Material and methods
A cross-sectional design was conducted on Thai children aged 2 to 15 who were diagnosed with asthma and AR in a respiratory allergy clinic at the Medical Education Center. The Pediatric Sleep Questionnaire was used to determine the prevalence of habitual snoring. Patients with habitual snoring completed the OSA-18 quality of life questionnaire, which was divided into 5 subscales: sleep disturbance, physical symptoms, emotional distress, daytime function, and caregiver concerns. Symptom control for asthma and AR was evaluated according to the Global Initiative for Asthma (GINA) guidelines and the Visual Analog Scales (VAS), respectively. Multivariable logistic regression models and adjusted odds ratios were used to assess associations.
Results
A total of 565 participants were enrolled, and 363 (64.2%) were male. Habitual snoring had the highest prevalence of sleep-disordered breathing in 29.6% of patients with respiratory allergies.

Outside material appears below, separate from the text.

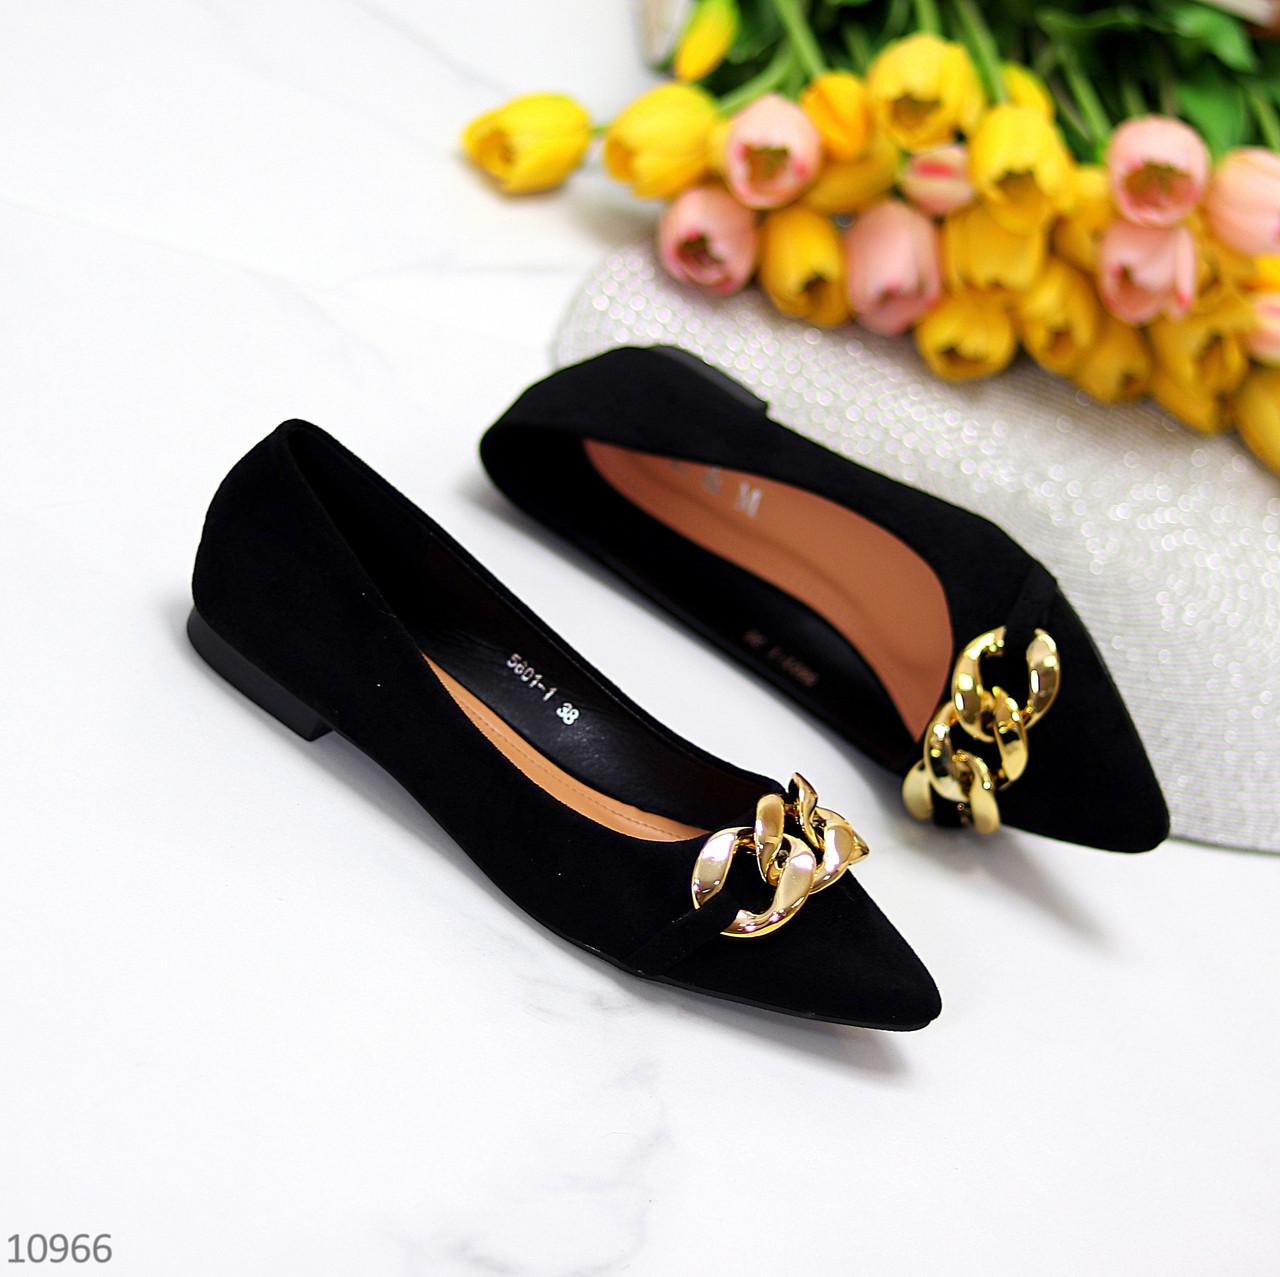 Ошатні жіночі чорні туфлі-балетки човники з декором ланцюг 37-24 см
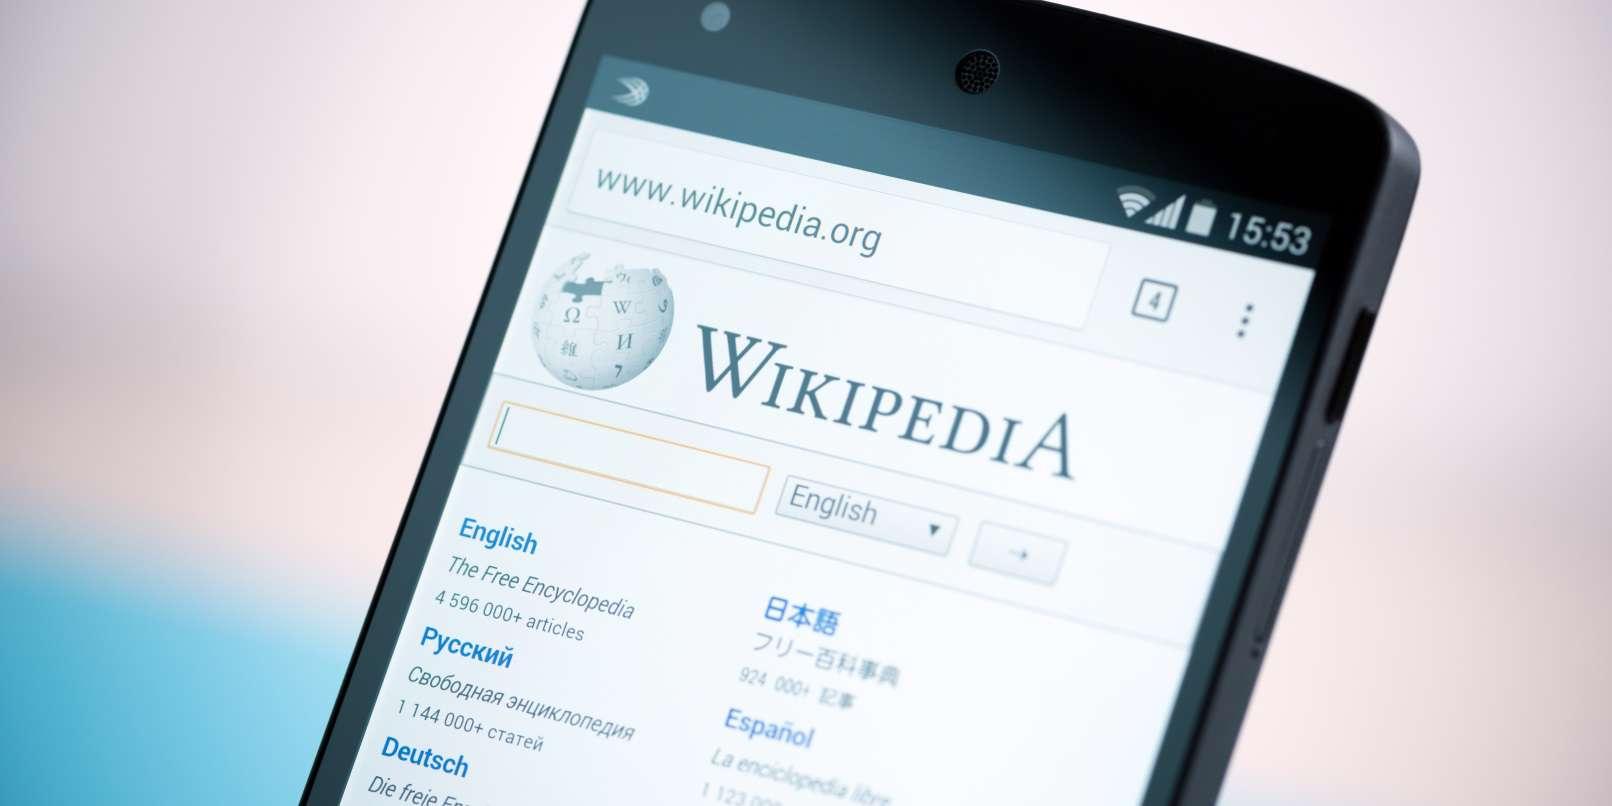 دانلود نرم افزار کاربردی رسمی سایت ویکی پدیا Wikipedia 2.4.157 برای اندروید

Patients with poorly controlled symptoms had a significantly higher risk of habitual snoring than well controlled symptoms for AR (52.0% vs 19.1%, adjusted Odds Ratio: aOR 4.39, 95%CI 2.25–8.58, p < 0.001) and for asthma concomitant with AR (54.9% vs. 18.8%, aOR 5.18, 95%CI 2.52–10.68, p < 0.001). Habitual snorers with poorly controlled asthma negatively affected their quality of life more than those with well controlled asthma (37.7% vs 13.3%, p = 0.005), as did patients with underlying AR (46.2% vs 22.9%, p = 0.002). In comparison to habitual snorers with well controlled symptoms, those with poorly controlled symptoms for respiratory allergies had higher mean the OSA-18 scores across all subscales.
Conclusion
Nearly one-third of children with respiratory allergies develop habitual snoring. Poorly controlled symptoms of asthma and allergic rhinitis raise the possibility of developing habitual snoring. Their quality of life and caregivers were shown to be affected just as negatively as those with obstructive sleep apnea (OSA) syndrome.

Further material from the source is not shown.